A la veille de 48 h de grève, le gouvernement ouvre la porte aux syndicats et aux pouvoirs organisateurs. Ils sont invités à négocier les tenants et aboutissants des réformes touchant au métier d’enseignant : statut, CDI, charge horaire, formation, barème, mobilité entre réseaux… Il n’y aurait pas de tabou.

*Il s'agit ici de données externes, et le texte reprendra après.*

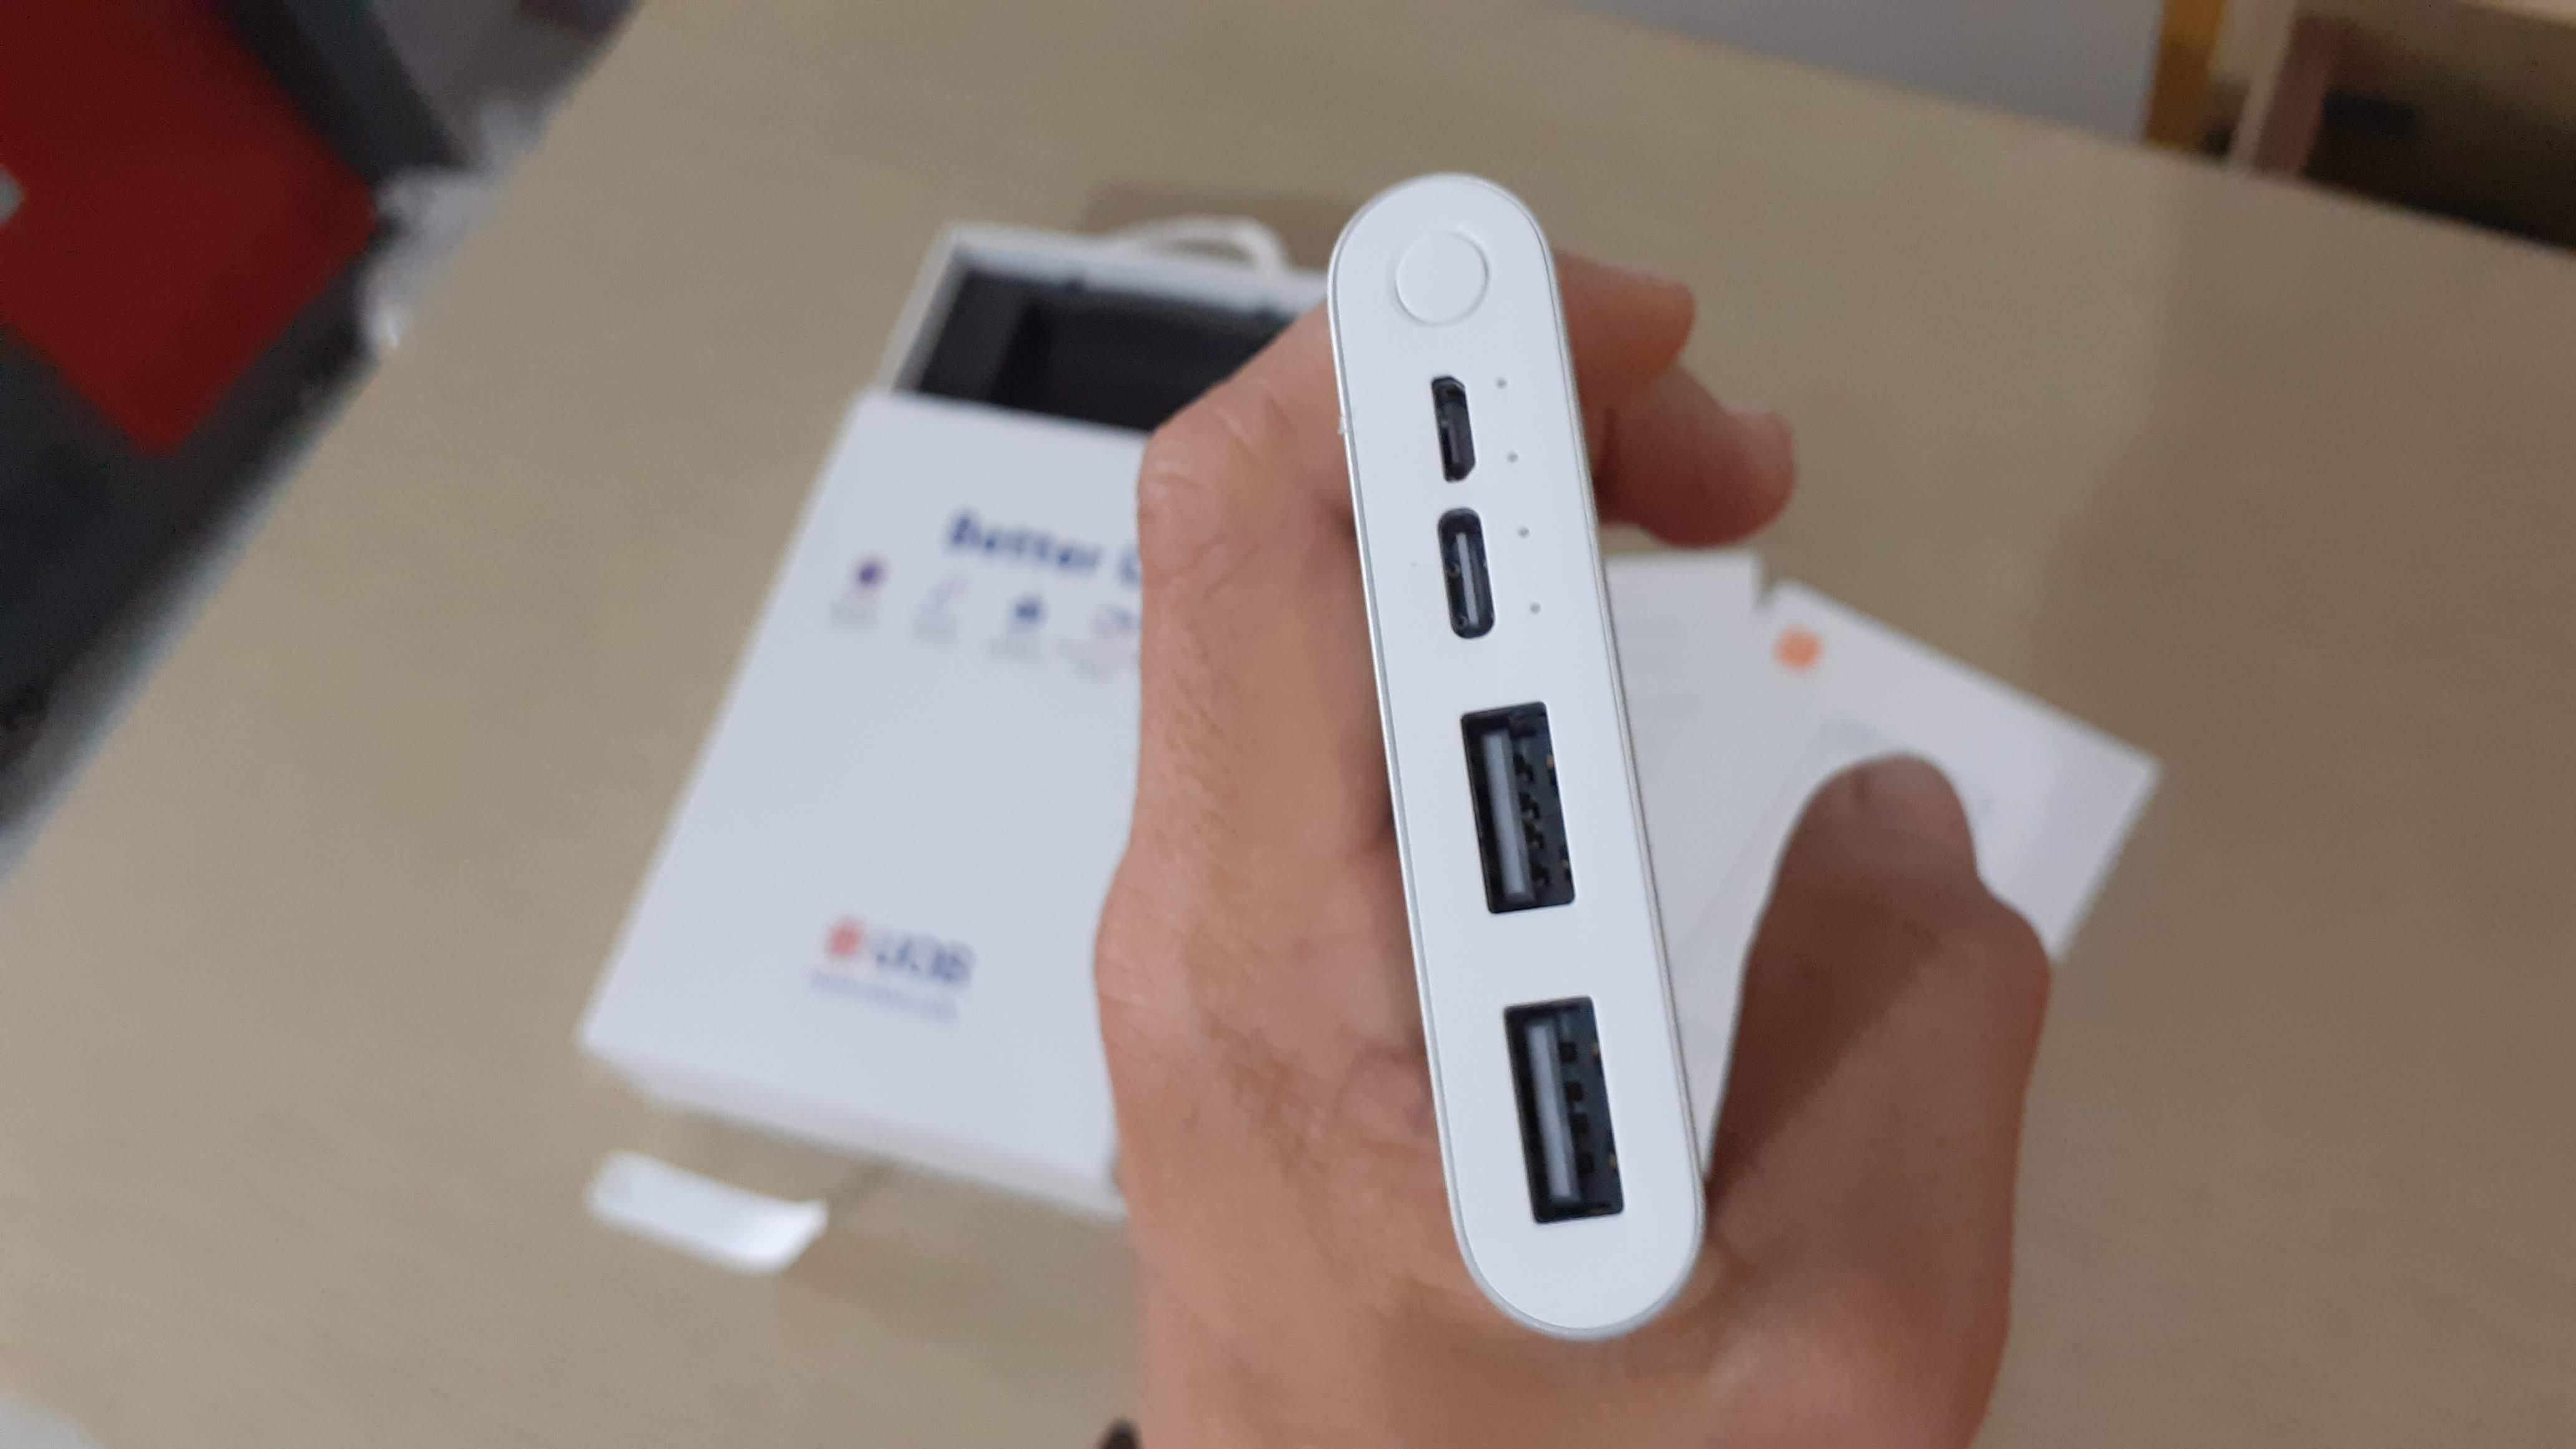 Pin Sac Du Phong Xiaomi Gen3 10000mAh (19)

Défaut de concertation ! Les syndicats – et dans une moindre mesure les pouvoirs organisateurs des écoles – le répètent dans toutes les langues : s’ils sont fâchés aujourd’hui c’est parce qu’ils ont l’impression qu’on leur vend une réforme de l’école (qualifiant, fin de la nomination…) clef sur porte, sans marge de manœuvre. Cette semaine, Elisabeth Degryse, ministre-présidente de la Fédération Wallonie-Bruxelles (Les Engagés) et Valérie Glatigny, ministre de l’Education (MR) les ont pris au mot : ils sont invités à intégrer quatre groupes de travail chargés de fixer toute une série de mesures pour revaloriser le métier d’enseignant, moderniser le statut et lutter contre la pénurie. Objectif : définir un plan d’action pour la fin de cette année avec de premières mesures à la rentrée 2026.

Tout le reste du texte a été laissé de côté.